Juragan Hasyim terdiam, tetapi wajahnya masih terlihat geram. Matanya masih terlihat nyalang.

"Jelas-jelasan kalian semua salah, berani-beraninya melangkahi saya." Egois sekali memang Bapak mertuaku itu, selalu merasa dirinya yang paling benar.

"Itu karena Bapak mempersulit Bang Riswan, dengan permintaan yang tidak masuk di akal," jawab istriku, sedikit lebih kugenggam tangan kami berdua, memberikan tanda.

"Sudah Neng, sabar," bisikku pelan.

"Sekarang semua sudah terjadi, Pak. Bapak tidak bisa merubah menurut keinginan Bapak. Kenyataannya sekarang, Riswan sudah menjadi menantu Bapak," jelas Kang Darman. Juragan Hasyim terdiam, mendengar ucapan anak tertuanya, lalu dengan ketus kembali berucap.

"Nanti dulu, tidak semudah itu dia bisa menjadi menantuku, permintaanku saja dia tidak menyanggupi," sindirnya, menatapku dengan senyum yang sinis.

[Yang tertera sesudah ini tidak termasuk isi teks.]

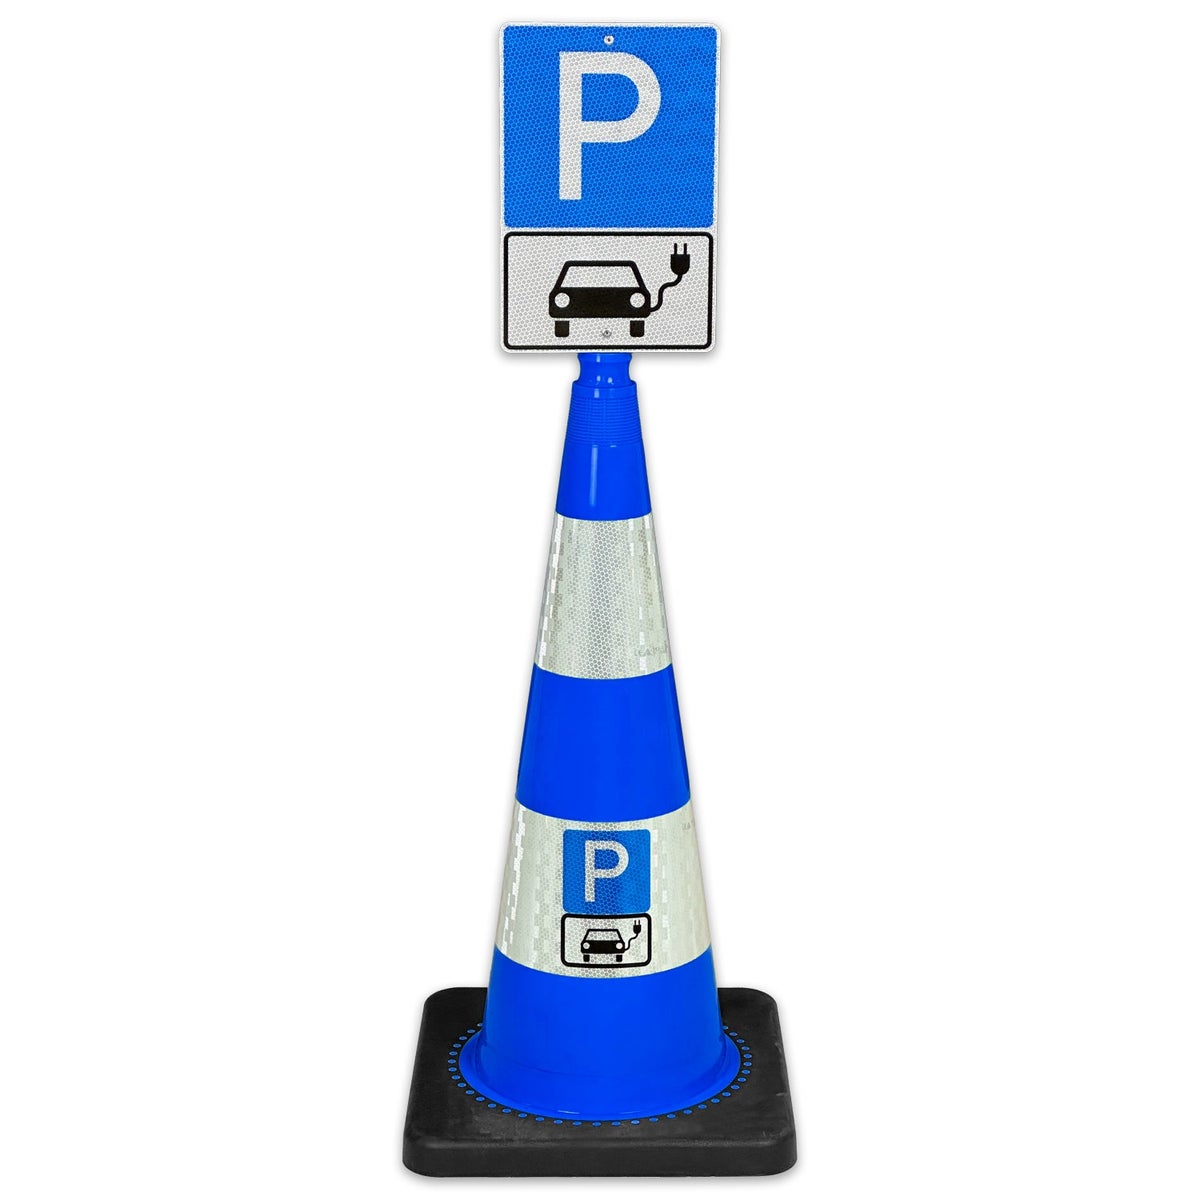 Leitkegel FLEX 75cm hoch mit Schild 30 x 20cm Parkplatz nur für Elektroautos / mit reflektierender Folie und Hinweisschild / Leitkegel blau

"Permintaan Bapak terlalu berlebihan, Pak. Emak sudah ceritakan semua, uang yang dibawakan Riswan itu sudah cukup besar buat ukuran desa kita," jelas Darman, melihat bapaknya yang masih keras pada kemauannya.

"Usaha, dong. Memangnya dia gak mikir apa, berapa banyak uang yang sudah dikeluarkan buat mengurus dan membesarkan si Risma dari dia kecil hingga sekarang, lalu dihargai murah. Enak saja!" Istriku kembali terisak.

"Maafkan Bapak ya, Bang," ucapnya lemah.

"Sabar ya, Neng, mungkin beliau masih kaget, abang juga tidak apa-apa, 'kan," jawabku, membesarkan hatinya.

Ustaz Arief sepertinya tidak tahan juga untuk tidak ikut bicara, karena mungkin beliau berpikir, jika ucapan Juragan Hasyim ini bisa menyesatkan bagi orang yang tidak paham.

"Mengurus, merawat, dan mendidik anak itu sudah kewajiban orang tua Kang, masa dibangkit-bangkit," seru Ustaz Arief.

"Nanti pun, jika kita yang sudah tua, siapa lagi yang akan merawat kita, jika bukan anak, Kang?"

Bapaknya Risma terlihat cemberut, mendengar perkataan Ustaz Arief, yang dia sendiri tidak pernah mau memanggil dengan panggilan ustaz, karena merasa umurnya jauh lebih tua.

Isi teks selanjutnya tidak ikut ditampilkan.